What is being asked:
Only the lines containing "Brussels" should appear in the answer, copied from the listing below.

Extracted information:
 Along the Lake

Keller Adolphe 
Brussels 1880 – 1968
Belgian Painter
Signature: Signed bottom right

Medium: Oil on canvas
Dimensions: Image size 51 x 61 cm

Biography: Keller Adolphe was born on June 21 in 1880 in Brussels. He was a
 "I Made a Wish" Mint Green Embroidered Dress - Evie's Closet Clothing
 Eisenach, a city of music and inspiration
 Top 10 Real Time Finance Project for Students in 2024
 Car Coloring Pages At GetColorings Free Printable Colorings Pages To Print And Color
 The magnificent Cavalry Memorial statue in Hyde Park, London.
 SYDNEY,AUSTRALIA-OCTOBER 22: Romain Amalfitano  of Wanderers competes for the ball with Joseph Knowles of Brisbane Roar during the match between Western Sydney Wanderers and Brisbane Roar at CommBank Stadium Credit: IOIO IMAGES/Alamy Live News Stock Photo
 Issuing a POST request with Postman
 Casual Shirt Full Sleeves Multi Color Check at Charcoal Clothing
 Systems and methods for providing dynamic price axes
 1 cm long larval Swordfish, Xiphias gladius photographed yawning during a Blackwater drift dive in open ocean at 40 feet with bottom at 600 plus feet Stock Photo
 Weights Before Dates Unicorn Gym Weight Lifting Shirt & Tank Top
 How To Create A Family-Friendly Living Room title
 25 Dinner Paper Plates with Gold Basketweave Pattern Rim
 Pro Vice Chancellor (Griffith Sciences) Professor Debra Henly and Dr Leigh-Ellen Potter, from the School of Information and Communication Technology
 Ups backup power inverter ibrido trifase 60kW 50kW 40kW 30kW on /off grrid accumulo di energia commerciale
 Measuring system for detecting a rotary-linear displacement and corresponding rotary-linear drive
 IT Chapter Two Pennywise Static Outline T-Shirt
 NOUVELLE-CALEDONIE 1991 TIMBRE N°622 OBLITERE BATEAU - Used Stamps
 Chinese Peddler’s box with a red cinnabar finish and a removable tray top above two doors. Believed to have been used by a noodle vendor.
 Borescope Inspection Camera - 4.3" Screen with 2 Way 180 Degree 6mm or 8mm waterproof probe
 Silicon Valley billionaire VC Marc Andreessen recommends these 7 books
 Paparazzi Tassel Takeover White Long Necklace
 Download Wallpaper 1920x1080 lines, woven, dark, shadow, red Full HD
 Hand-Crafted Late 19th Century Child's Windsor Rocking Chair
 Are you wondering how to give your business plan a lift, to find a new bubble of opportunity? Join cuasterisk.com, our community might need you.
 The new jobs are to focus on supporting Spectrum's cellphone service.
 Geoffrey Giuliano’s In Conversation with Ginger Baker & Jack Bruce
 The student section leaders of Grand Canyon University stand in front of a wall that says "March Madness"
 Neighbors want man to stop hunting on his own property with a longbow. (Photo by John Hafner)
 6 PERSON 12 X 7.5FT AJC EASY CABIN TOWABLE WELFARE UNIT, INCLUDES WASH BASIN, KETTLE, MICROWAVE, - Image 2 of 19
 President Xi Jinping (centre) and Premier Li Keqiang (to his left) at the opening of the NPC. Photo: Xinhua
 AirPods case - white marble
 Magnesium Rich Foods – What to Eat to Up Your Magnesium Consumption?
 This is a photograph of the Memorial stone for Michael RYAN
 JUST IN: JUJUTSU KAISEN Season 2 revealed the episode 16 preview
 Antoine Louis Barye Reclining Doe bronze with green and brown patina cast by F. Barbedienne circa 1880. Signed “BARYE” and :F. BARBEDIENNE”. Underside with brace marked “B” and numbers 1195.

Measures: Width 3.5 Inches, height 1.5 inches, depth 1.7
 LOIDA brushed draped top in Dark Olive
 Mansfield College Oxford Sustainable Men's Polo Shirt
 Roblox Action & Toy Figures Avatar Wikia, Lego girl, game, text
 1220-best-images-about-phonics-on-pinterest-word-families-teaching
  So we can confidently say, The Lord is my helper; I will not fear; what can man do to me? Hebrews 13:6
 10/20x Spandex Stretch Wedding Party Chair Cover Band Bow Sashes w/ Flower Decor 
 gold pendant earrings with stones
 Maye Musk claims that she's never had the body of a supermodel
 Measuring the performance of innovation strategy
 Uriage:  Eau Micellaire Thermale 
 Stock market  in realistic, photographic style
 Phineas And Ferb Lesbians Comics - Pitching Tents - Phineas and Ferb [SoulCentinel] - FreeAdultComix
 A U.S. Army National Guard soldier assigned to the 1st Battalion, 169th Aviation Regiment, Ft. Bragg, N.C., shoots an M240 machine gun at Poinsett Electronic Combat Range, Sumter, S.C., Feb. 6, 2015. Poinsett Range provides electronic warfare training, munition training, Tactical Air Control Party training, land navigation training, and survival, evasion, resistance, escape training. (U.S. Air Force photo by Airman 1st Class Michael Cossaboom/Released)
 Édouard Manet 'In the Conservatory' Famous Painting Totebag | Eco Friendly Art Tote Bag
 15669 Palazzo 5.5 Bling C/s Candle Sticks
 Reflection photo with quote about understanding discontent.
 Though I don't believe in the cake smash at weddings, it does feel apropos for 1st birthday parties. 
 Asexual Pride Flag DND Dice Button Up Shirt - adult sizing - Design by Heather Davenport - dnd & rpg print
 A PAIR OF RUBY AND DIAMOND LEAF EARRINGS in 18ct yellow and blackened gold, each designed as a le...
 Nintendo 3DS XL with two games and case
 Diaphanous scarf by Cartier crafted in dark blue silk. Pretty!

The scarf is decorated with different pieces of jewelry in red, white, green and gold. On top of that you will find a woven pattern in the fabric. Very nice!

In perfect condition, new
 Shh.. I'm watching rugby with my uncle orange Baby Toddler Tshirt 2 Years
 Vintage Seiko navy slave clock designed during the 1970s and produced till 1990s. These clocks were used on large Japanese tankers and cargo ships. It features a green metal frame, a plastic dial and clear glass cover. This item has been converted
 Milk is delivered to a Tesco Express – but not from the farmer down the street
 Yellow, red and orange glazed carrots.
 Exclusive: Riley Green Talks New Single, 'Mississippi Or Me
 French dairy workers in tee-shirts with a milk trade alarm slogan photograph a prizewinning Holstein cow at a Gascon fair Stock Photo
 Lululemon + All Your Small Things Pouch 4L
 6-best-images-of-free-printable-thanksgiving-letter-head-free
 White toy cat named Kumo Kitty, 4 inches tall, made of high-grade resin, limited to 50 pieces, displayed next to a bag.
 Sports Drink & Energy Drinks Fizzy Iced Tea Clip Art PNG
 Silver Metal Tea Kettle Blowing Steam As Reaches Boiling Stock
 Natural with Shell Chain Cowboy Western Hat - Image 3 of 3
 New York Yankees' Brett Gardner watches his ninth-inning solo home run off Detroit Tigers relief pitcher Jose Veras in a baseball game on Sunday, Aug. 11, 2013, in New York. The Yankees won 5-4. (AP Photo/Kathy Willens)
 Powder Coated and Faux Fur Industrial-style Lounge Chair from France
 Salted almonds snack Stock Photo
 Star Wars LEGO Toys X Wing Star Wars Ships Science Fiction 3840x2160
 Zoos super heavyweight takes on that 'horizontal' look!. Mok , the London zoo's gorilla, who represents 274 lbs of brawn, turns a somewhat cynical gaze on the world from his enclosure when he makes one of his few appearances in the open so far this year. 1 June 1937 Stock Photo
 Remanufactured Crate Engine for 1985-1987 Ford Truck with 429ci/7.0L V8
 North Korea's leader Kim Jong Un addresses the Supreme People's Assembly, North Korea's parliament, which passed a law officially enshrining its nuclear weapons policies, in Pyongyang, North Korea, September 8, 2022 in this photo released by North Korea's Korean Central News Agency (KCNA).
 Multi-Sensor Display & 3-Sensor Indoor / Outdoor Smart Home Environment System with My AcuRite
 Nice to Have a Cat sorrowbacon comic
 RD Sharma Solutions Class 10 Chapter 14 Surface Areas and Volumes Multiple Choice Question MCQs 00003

Task response:
Brussels 1880 – 1968
Biography: Keller Adolphe was born on June 21 in 1880 in Brussels. He was a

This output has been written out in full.